98% of all the thoughts, feelings, emotions, judgments, traumas and dramas that you think are yours, actually don’t belong to you. I know it feels like they do, and yet it isn’t yours! You’re just aware of it!
So, in order to get more clarity in your life and in your relationships, start asking this question: “Who does this belong to?” for every thought, feeling, emotion, judgment, trauma, drama, and intrigue you perceive. If the emotion lightens up at all, it isn’t yours! Just return it to sender (even when you don’t know who that is) and ask: “What is true for ME here?” and start finding out what’s true for you.
BE INTIMATE WITH YOU.
There is this little thing called INTIMACY— Intimacy is something that you can have with everybody, if you’re willing to. It’s a way of being where nothing is excluded, everything is included, and nothing is judged.
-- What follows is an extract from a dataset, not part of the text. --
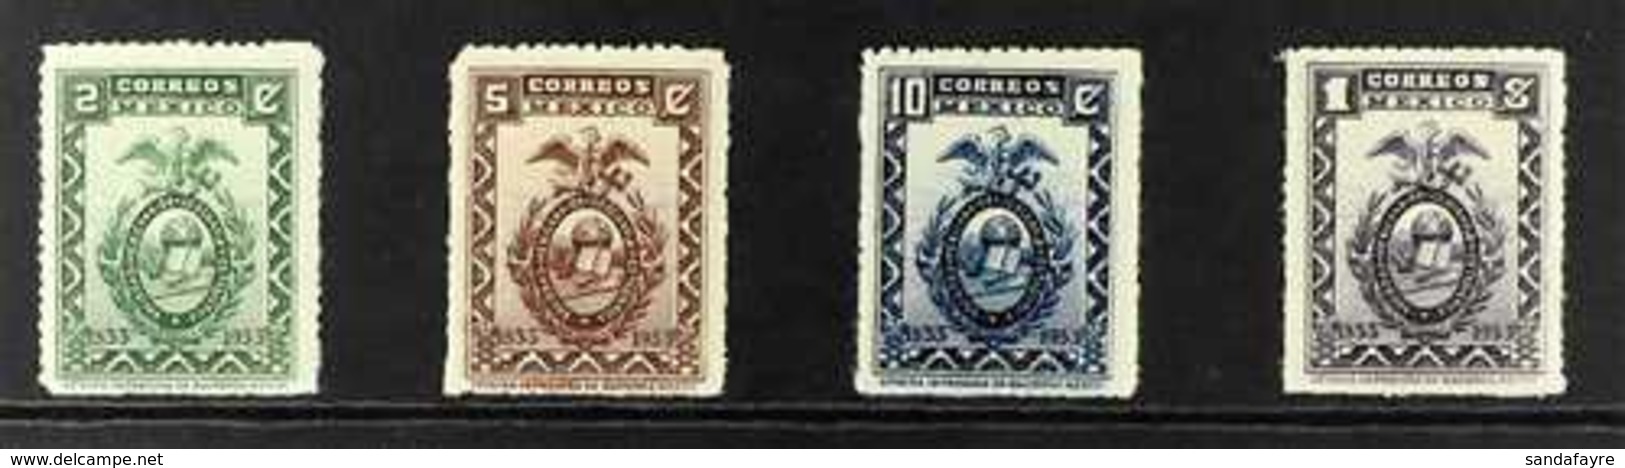 1933 Mexican Society Of Geography & Statistics Set, Scott 684/87, Never Hinged Mint (4 Stamps) For More Images, Please V - Mexico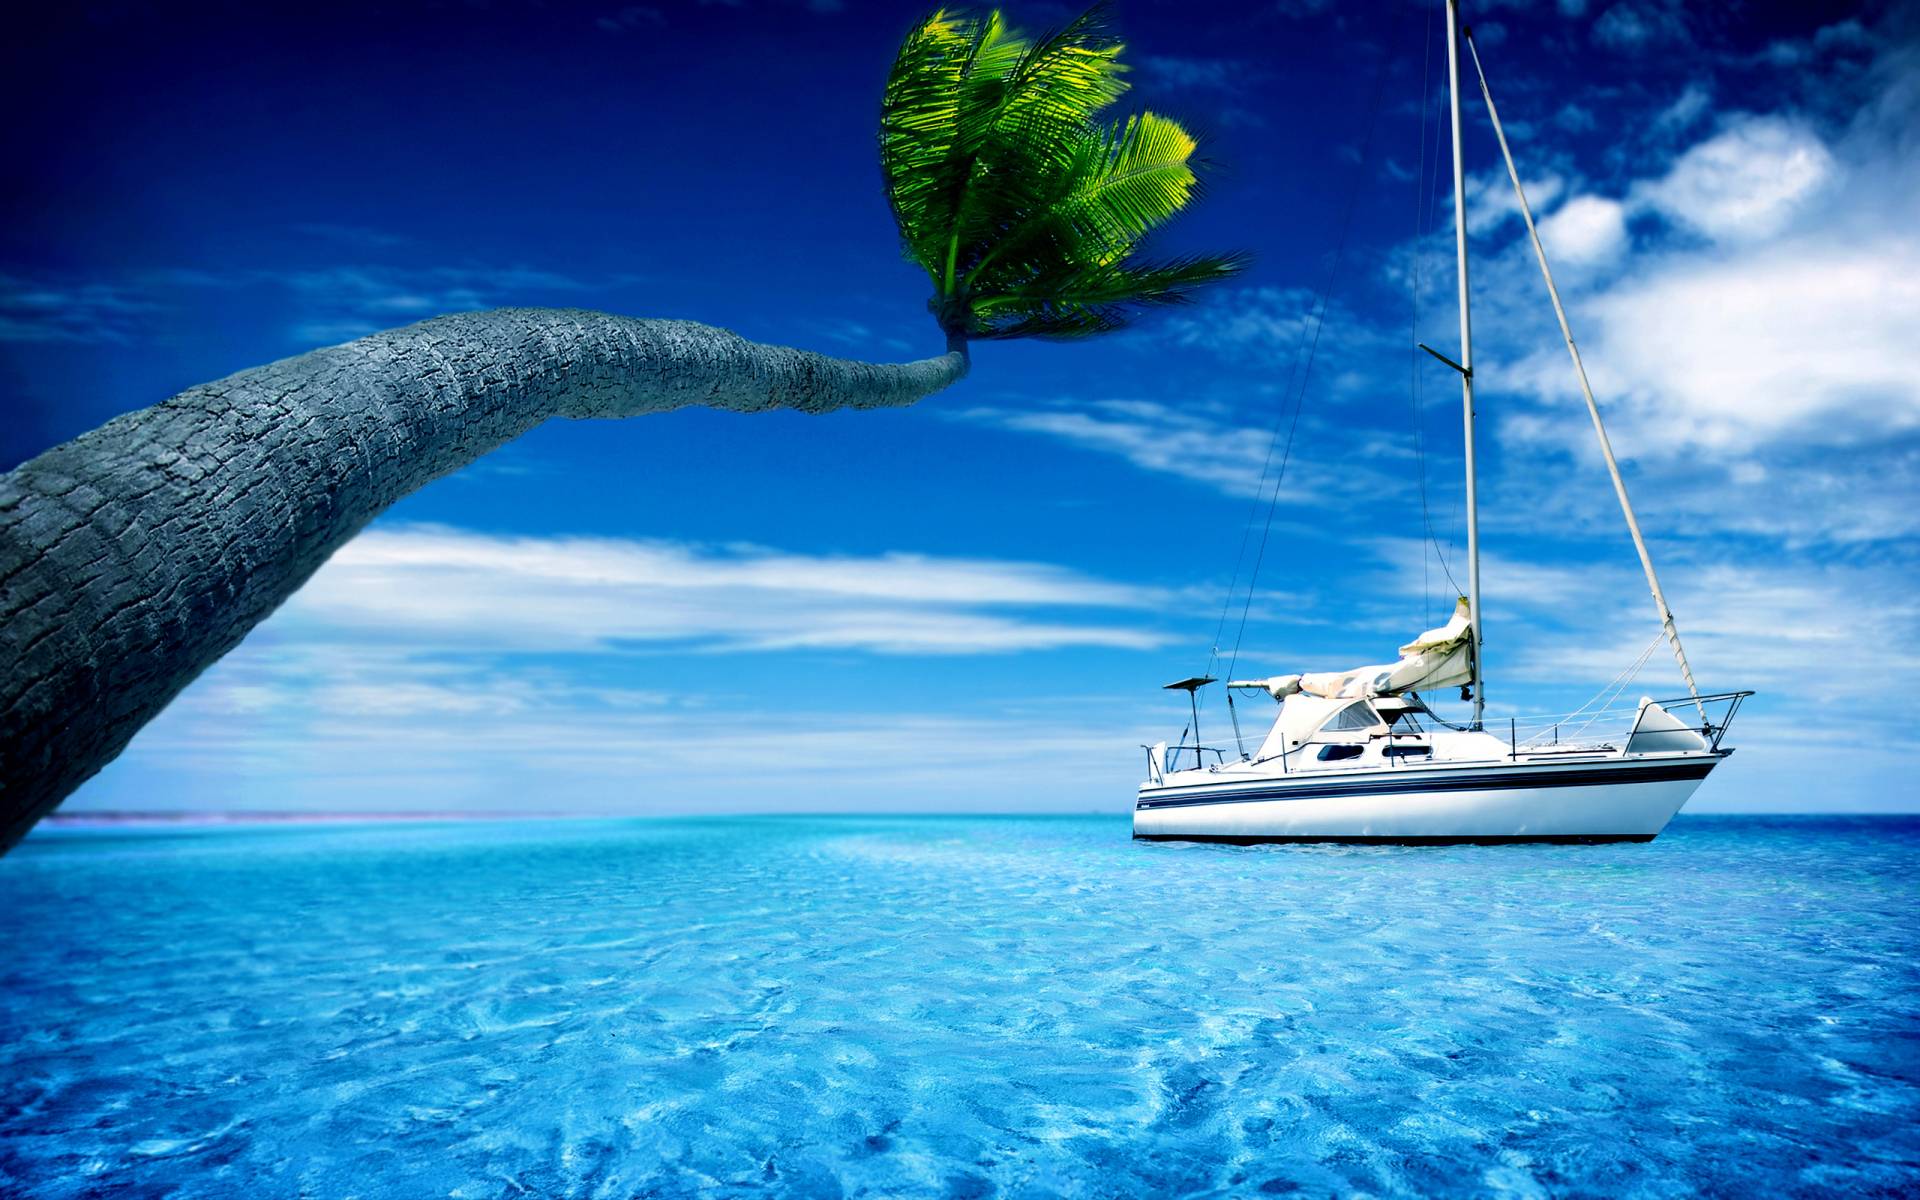 Palm Tree and Yacht widescreen wallpaper. Wide

True intimacy has five elements: Honoring, Trust, Allowance, Vulnerability and Gratitude.
Strangely enough, if you were willing to be intimate with YOU, it would give you the choice to have it with anyone else in your life.
Please know, just because you are intimate with you, it doesn’t mean that you have to go off and be alone . . . On the contrary, what it does mean is that you can have truly caring people in your life that honor you and trust you, that are willing to be vulnerable (no barriers) with you, and have gratitude and allowance for you.
Some questions to get you started on this road toward intimacy with you:
- If I were totally honoring of my partner, and me, what would I choose differently today?
- If I had total trust in my partner and me how would I be differently today?
- How much more vulnerable can I be with my partner and myself today, and what would it take for that to show up now?
- What would total gratitude, for my partner, and myself every moment of every day, look like, feel like, taste like, and be like in my life and in my relationship? And what would it take for that to start today?
I invite you to start asking these questions and playing with whatever of these practices are fun for you. And then see if anything in your life changes. We’ve got a world to change people…and what if you, being you, (in relationship or out of relationship) are the gift, the change and the possibility this world requires?